Выбрать главу

Впрочем, газетные истории можно прочитать в газетах и без меня, а я расскажу только одну из многих историй, которые наблюдал сам. Жил-был журналист. Работал в газете. Сменился у газеты владелец и погнал журналиста взашей. Погнал за бездарность и бесполезность – наш журналист был непрофессионален, несмотря на немалый стаж, донельзя. Во вверенной его замглавредовскому попечению газете публиковал исключительно написанные суконным языком репортажи, брал интервью у своих друзей на темы, им одним интересные, восторженные рецензии на их же занудные книги да беседы про рокеров, бывших знаменитостями где-то в середине 1980-х годов, а с тех пор вышедших в тираж. Ну, бывает: не нажил человек к середине четвертого десятка профессионализма и принимал свои вкусы за вкусы читателя, отчего и тираж у газеты был для миллионного города ничтожный – двадцати тысяч не набегало. Я бы на месте нового владельца такого горе-труженика пера тоже выгнал.
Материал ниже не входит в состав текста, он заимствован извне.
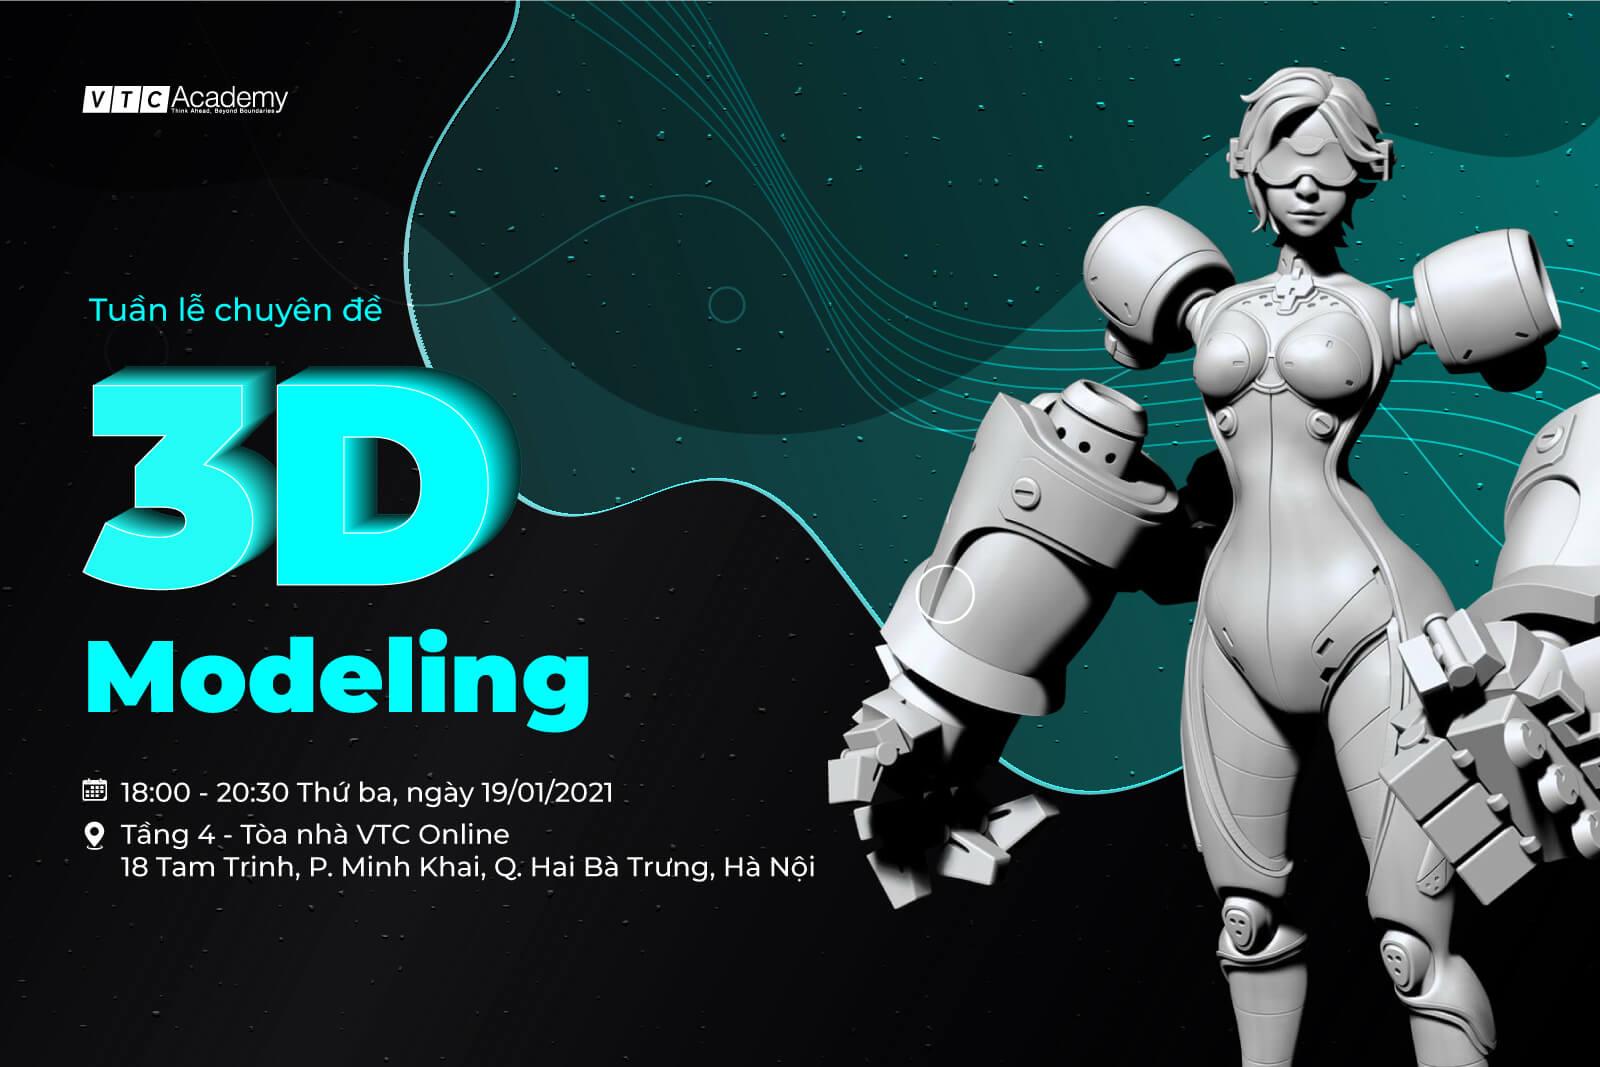 Tuần lễ chuyên đề Dựng hình 3D tại Hà Nội

Журналист возмутился, провозгласил себя жертвой политического произвола: он незадолго до того съездил в Киев и в душе считал себя революционером, хотя в газете это не отражалось никак. Но по-настоящему его обидело совсем не то, что душитель свободы посягнул на его свободу писать о чем вздумается. И даже, кажется, не то, что путинский холуй отказал ему в праве получать за это деньги. А то, что его обидчик при деньгах, а он – нет. Такая несправедливость судьбы возмутила нашего свободолюбца до глубины души, и несчастный мученик политических репрессий – которого, замечу, не сразу выгнали на улицу, а оставили дорабатывать мало что не два месяца – постоянно проговаривался. У нового владельца пиджак дорогой! Новый владелец на шашлыки на вертолете летает!

Да, пиджак дорогой. Да, летает.

Завидуешь, голодранец?

3.

Голодранец – это бич и чума добрых нравов. Образ мысли голодранца пронизывает все слои от высших до низших. В основе этого образа мысли лежит представление о том, что все мыслимые ценности сводятся к материальным благам. Это, приводит, однако, не к приумножению благ, а к их разрушению.

Голодранцы пожирают ресурсы страны, частью обращая их в потребление, частью пуская ее на ветер. Голодранцев не остановит ничего, когда они чуют наживу. Даже если голодранцы не успевают потребить захваченное, потеряв его в пользу других голодранцев, это все равно принесет экономике вред. Транзакционные издержки, подавление стимулов к труду и прав собственности влекут за собой так называемые "балластные потери" – потери, которые не достаются никому из участников дележки. Они просто исчезают, растворяются в растущей неэффективности экономики. Попробуйте порезать пирог или пиццу раз… два… пять… На каком то из разрезов на блюде останется только крошево из теста и начинки, которое когда-то было пирогом, а теперь его даже на вилку не подденешь.

Не следует думать, что голодранец, будучи алчным и завистливым, при этом жаден. Отнюдь! Голодранец может быть очень щедрым. Разумеется, не за свой счет, а за чужой. Когда труженик чувствует, что он должен быть добрым, он лезет в свой бумажник. Когда добрый стих находит на голодранца, он тянется к чужому карману.

Как это происходит, можно видеть на примере разговоров о "социальной ответственности бизнеса". С бюрократического и политического на простой язык они переводятся всегда одинаково: надо раскошелиться на то и на это, при этом желательно на цели и способом, определенными теми, кто назидает о социальной ответственности. Не в последнюю очередь потому, что одобренные способы ответственности уже предусматривают солидное вознаграждение за щедрость для самих назидателей. Когда голодранцы, из деловой ли, из творческой ли элиты являются с прошениями якобы для общества – они также просят под видом общественного блага выгод для себя любимых. Вероятно, правители слушают их без отвращения только по одной причине – они тоже голодранцы.

Цели у голодранческой и труженической благотворительности тоже противоположны. Труженик судит по себе: он скорее даст голодному удочку, чем рыбу. Голодранец также судит по себе: он даст рыбу, а не удочку. Труженик попытается, чтоб благотворительность вышла долгоиграющей. Для голодранца "завтра" не существует, он вечный временщик и живет только "сегодня". Блага в его благотворительности, разумеется, ни на грош – заткнул голодному рот, и все. Что произойдет со страной, если труженики в ней исчезнут, голодранцев не беспокоит: так далеко они не заглядывают. Голодранец живет "здесь и сейчас" – "потом" и "не рядом" для него категории несуществующие.